ただ、あの日の前後の記憶が曖昧、その事実に今まで気付かなかったこと、それが問題だ。
頭を思いっきり殴りつけられたような衝撃が走った。
過去を思い出そうと努めるが、それは余りにもおぼろげで、はっきりと思い出せない。
だが、このままでは礼二は日影館の拠点に向かい、取り返しの付かない事になってしまう。
刹那
「いかせる、かぁ!」
刹那は再度、礼二に向けて手を伸ばす。
その手には、かつて振るっていた死神としての証、生命ヲ奪ウ刃。……しかし、その刃は誰かの生命を奪う事などできぬよう、自らの意思で潰されている。
礼二は刹那の知る少年とは思えぬ動きでそれを躱した。
礼二
「ありがとな、兄貴。これまで育ててくれて。でも俺はもう自力で生きていける。魔物を殺す力を手に入れたんだ。時々は顔を見せに来るよ。
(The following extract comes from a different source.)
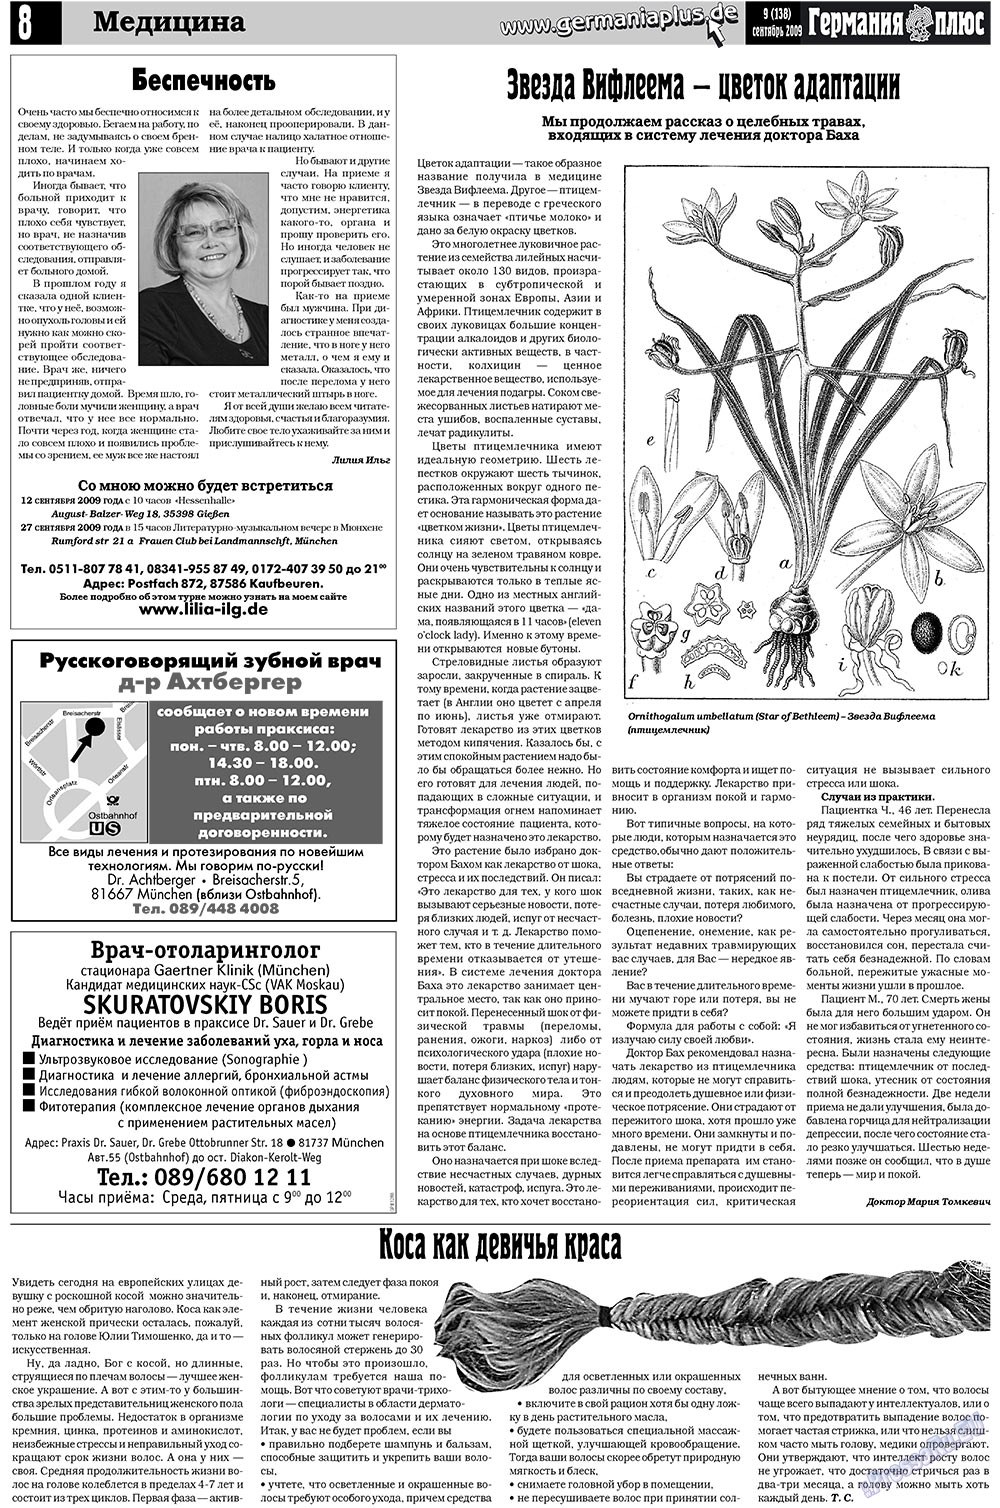 Германия плюс (газета). 2009 год, номер 9, стр. 12

じゃあな」
礼二は身を翻すと足早に去っていった。
年頃の少年の反抗期なんてものではない。
一刻も早く事態を把握しなくては。
まずはペルソナネットワークの動向だ。
同胞を殺されて黙っているわけがない。
刹那は自身の無力を感じ、思いのままに壁を殴り付けた。
壁は一撃で粉砕され、大穴が空き、自身の手からも血が流れる。
しかし、そんな痛みは心に刻まれた痛みに比べれば些細な事だ。
刹那 :
「……礼二。これ以上のあやまちは繰り返させない。たとえ、お前から家族として認められなくなったとしても、俺は、お前を止める」
そう決意した刹那は闇の中へと消えていった。